▶ **Source material**:
########################################
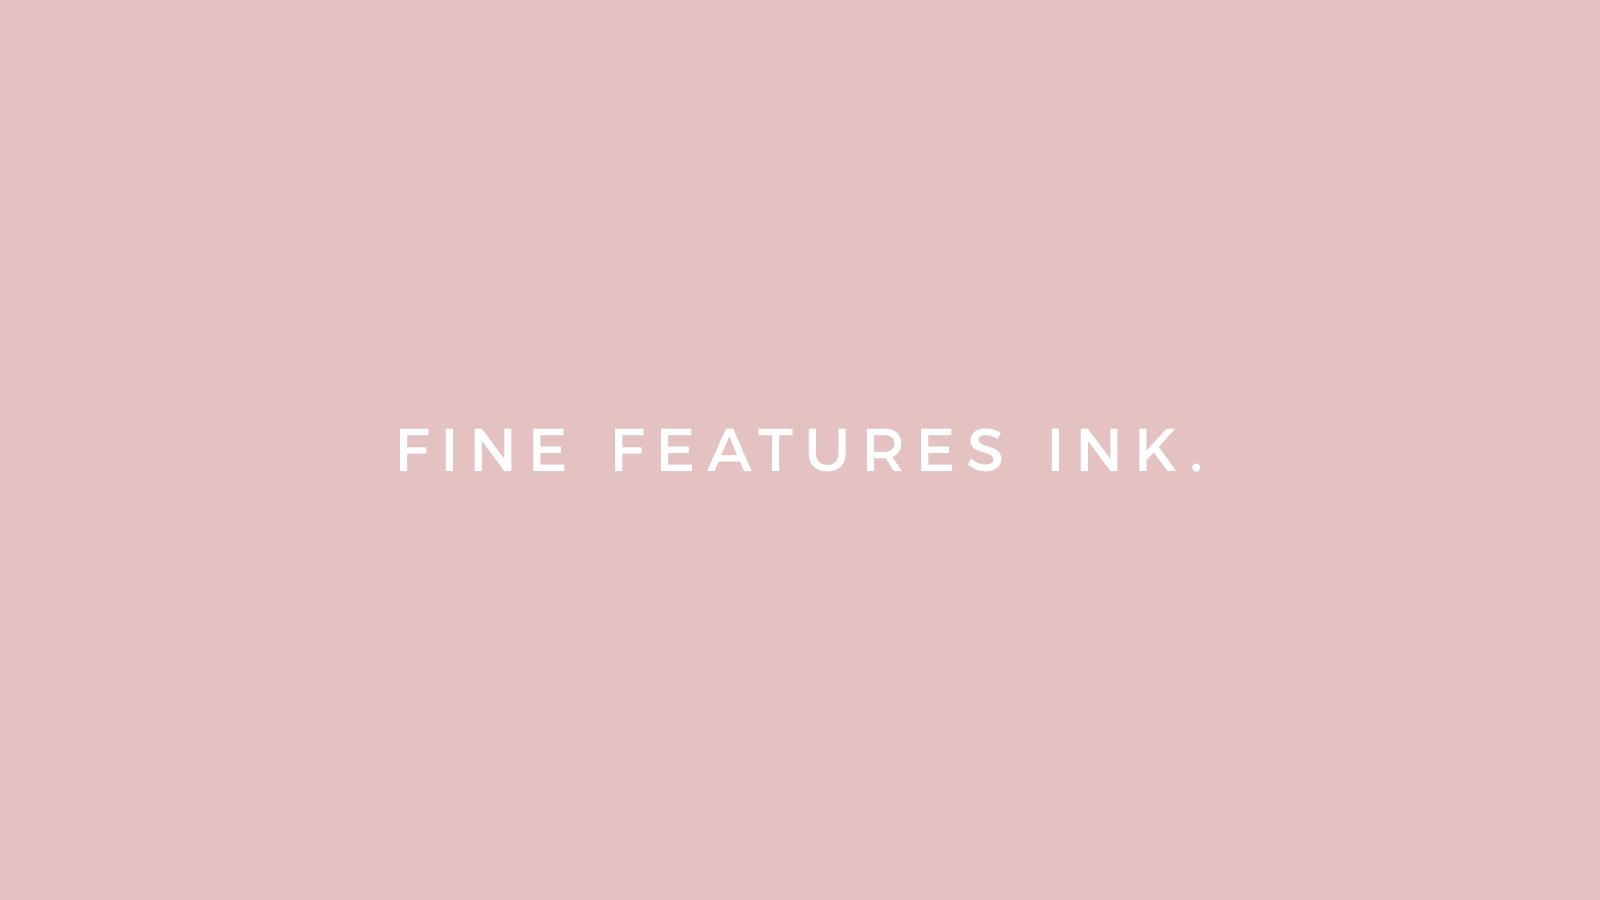 Fine Features Ink Branding Design
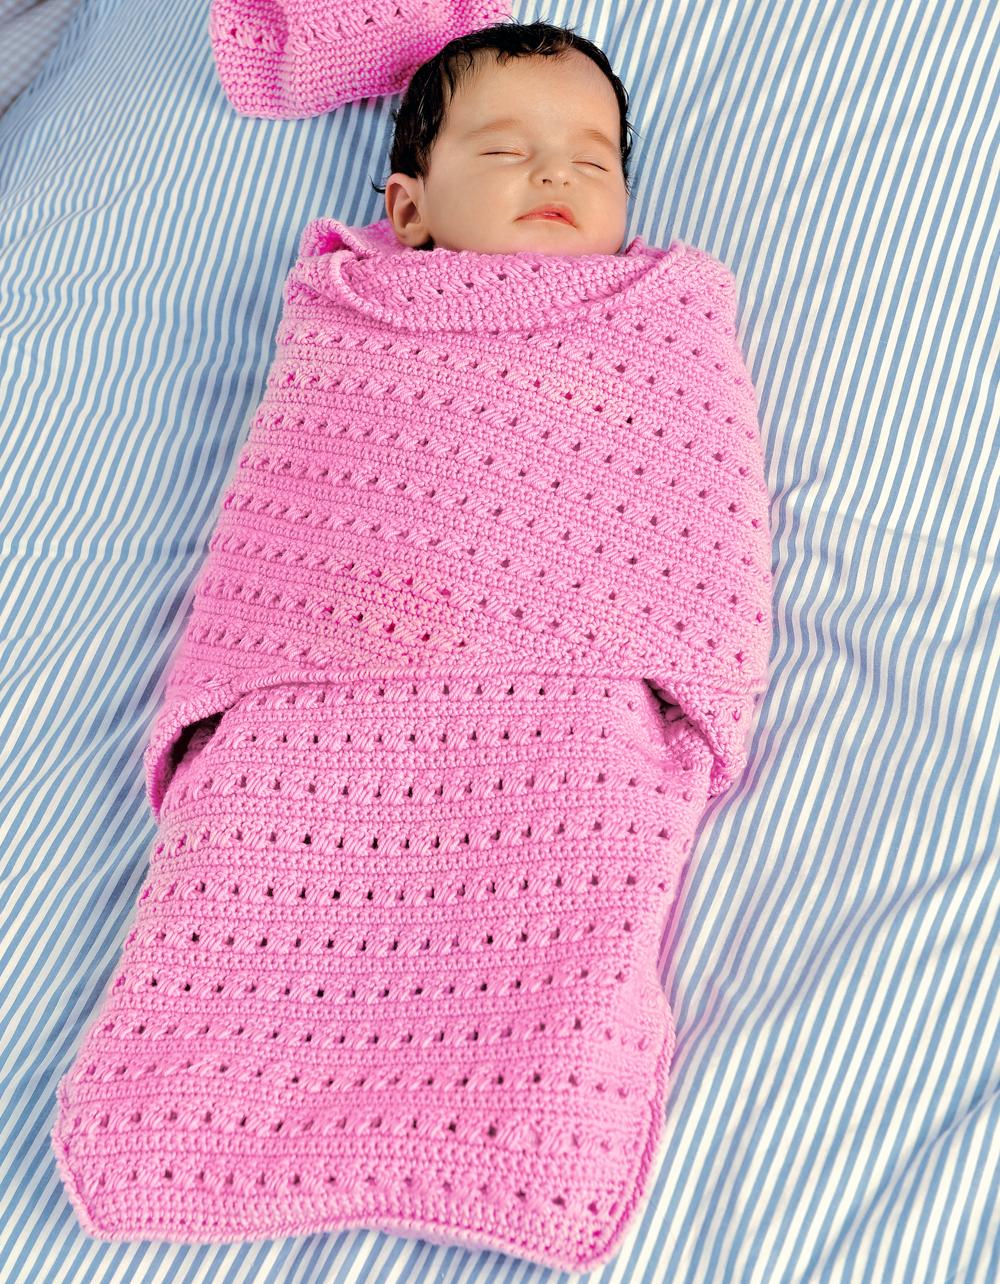 Конверт для новорожденного связать крючком
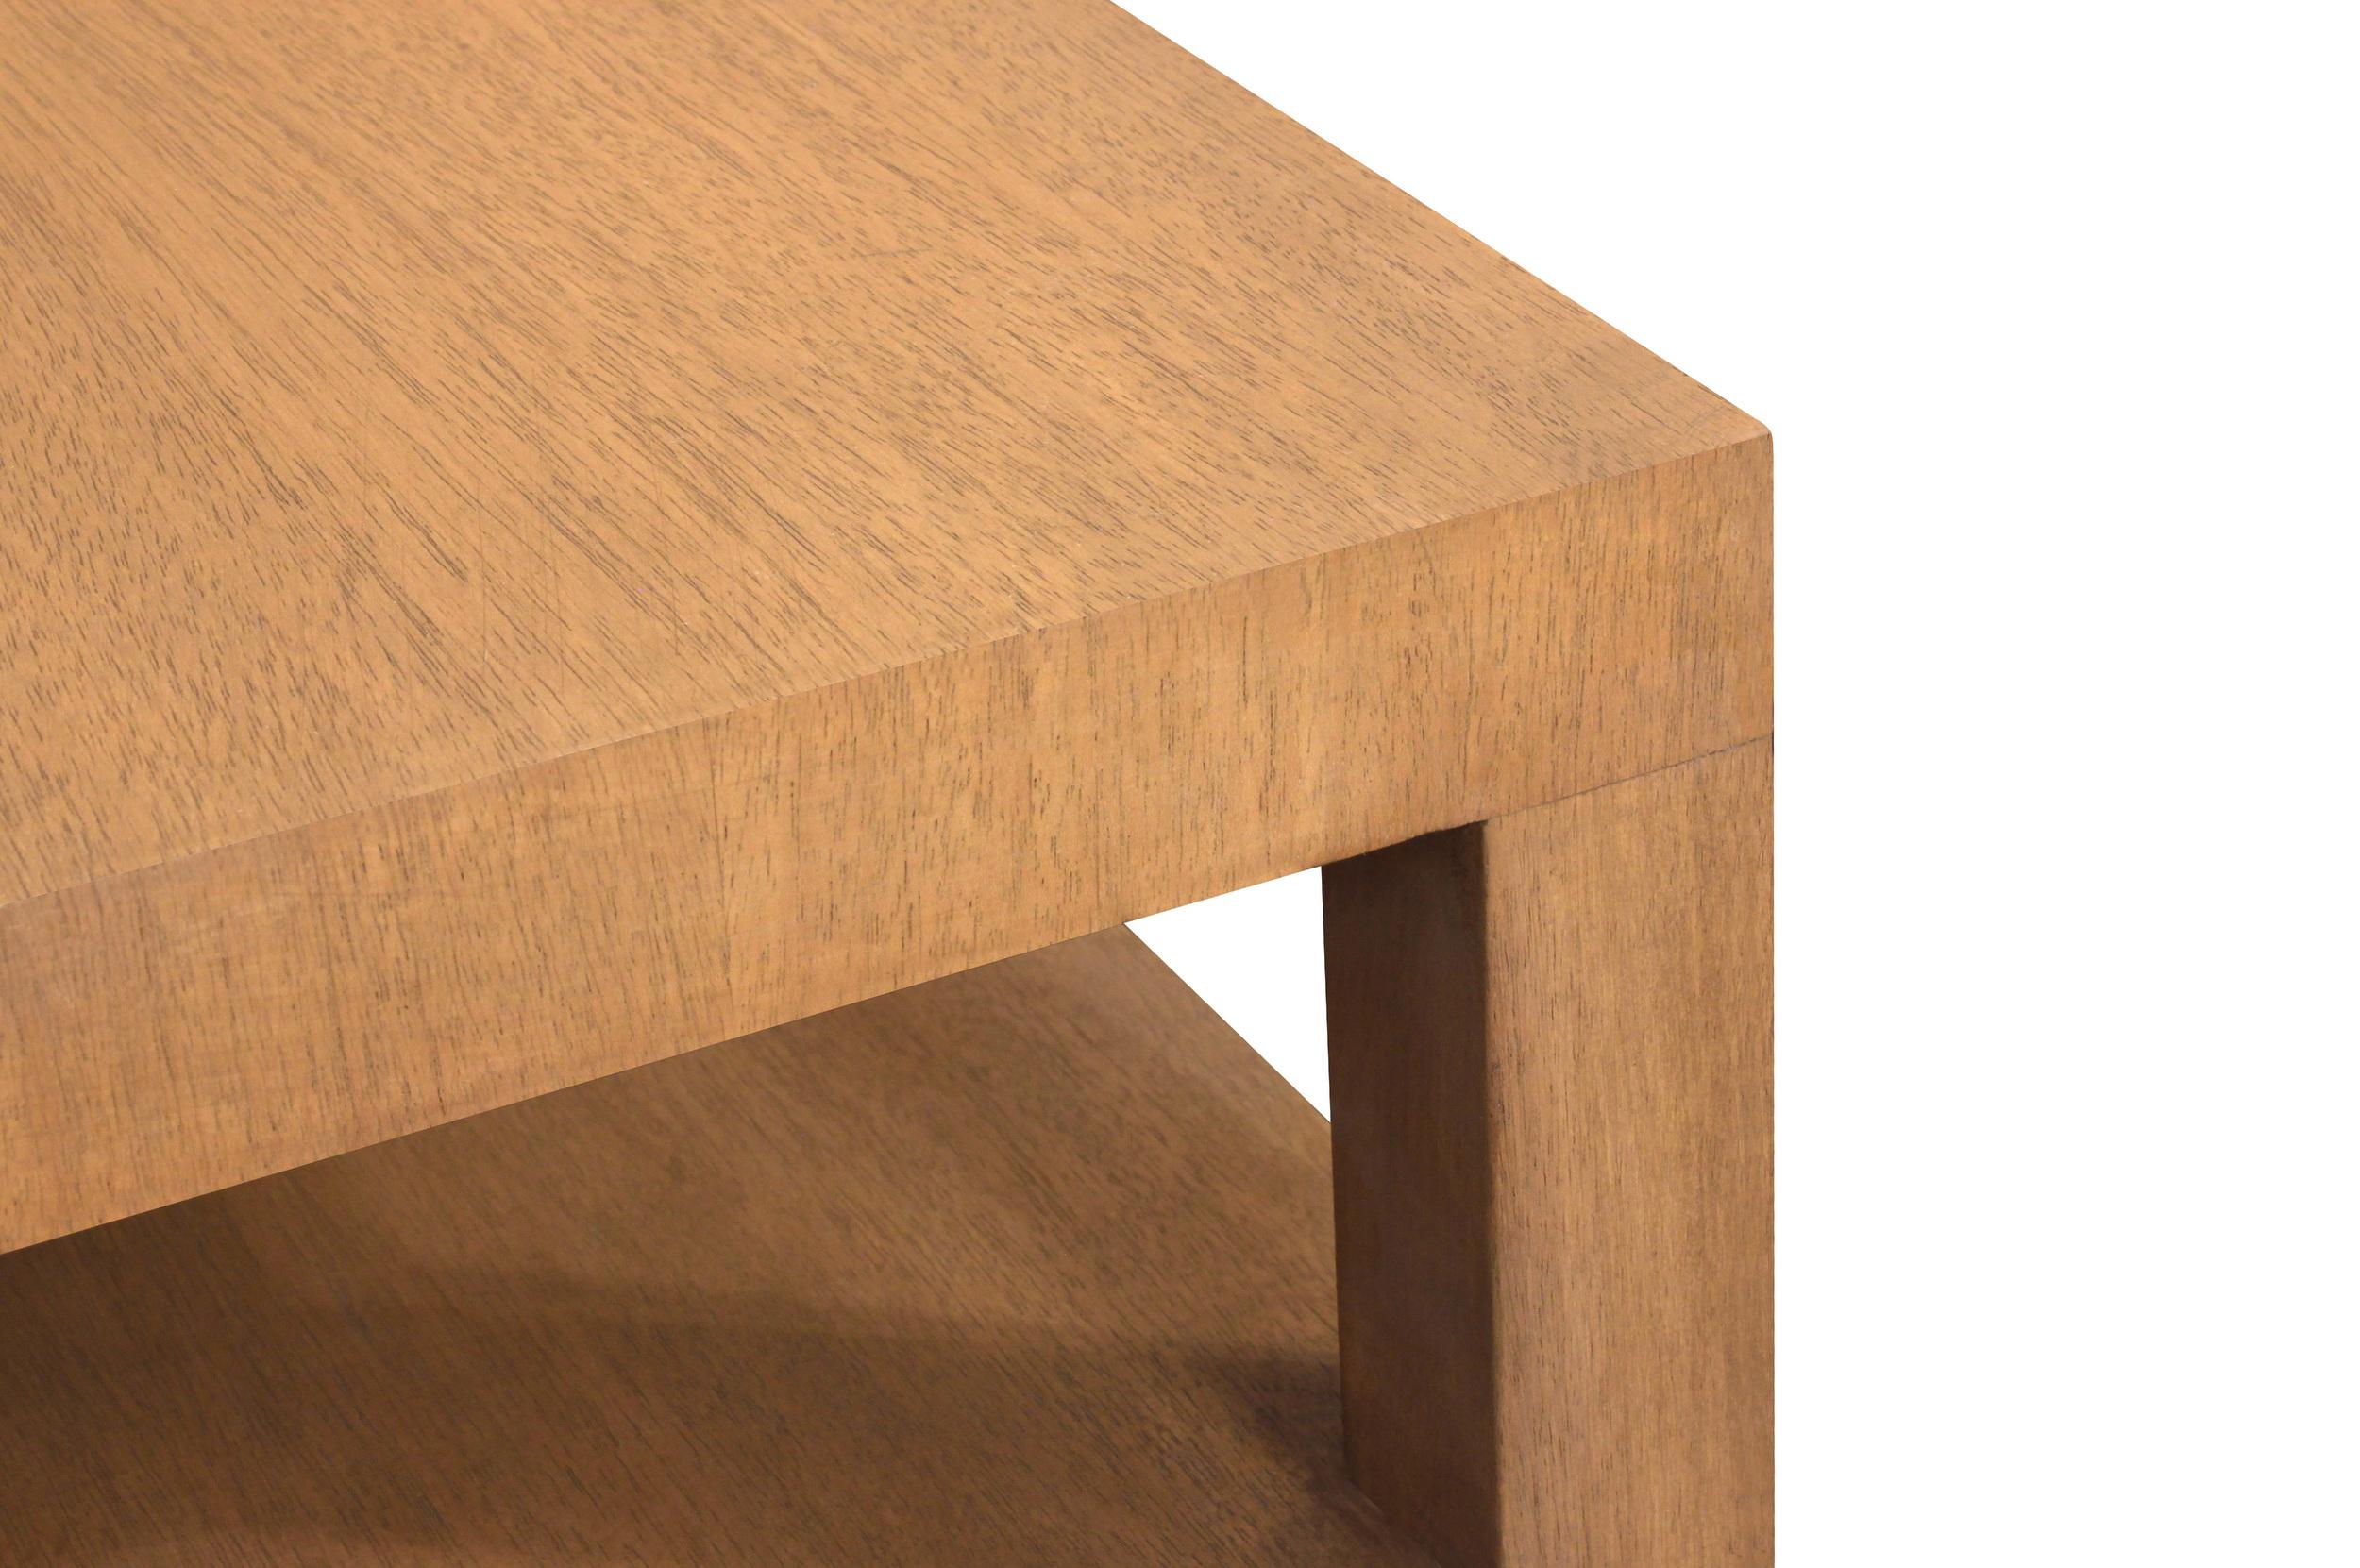 Gibbings 55 square blchd walnut coffeetable45 hires detail 3.jpg
########################################
▶ **Task statement**:
Nothing should appear in the answer except the lines from the one containing "Конверт для новорожденного связать крючком" through the last line of the listing, given again exactly and with no pictures.

▶ **Problem solution**:
 Конверт для новорожденного связать крючком
 Gibbings 55 square blchd walnut coffeetable45 hires detail 3.jpg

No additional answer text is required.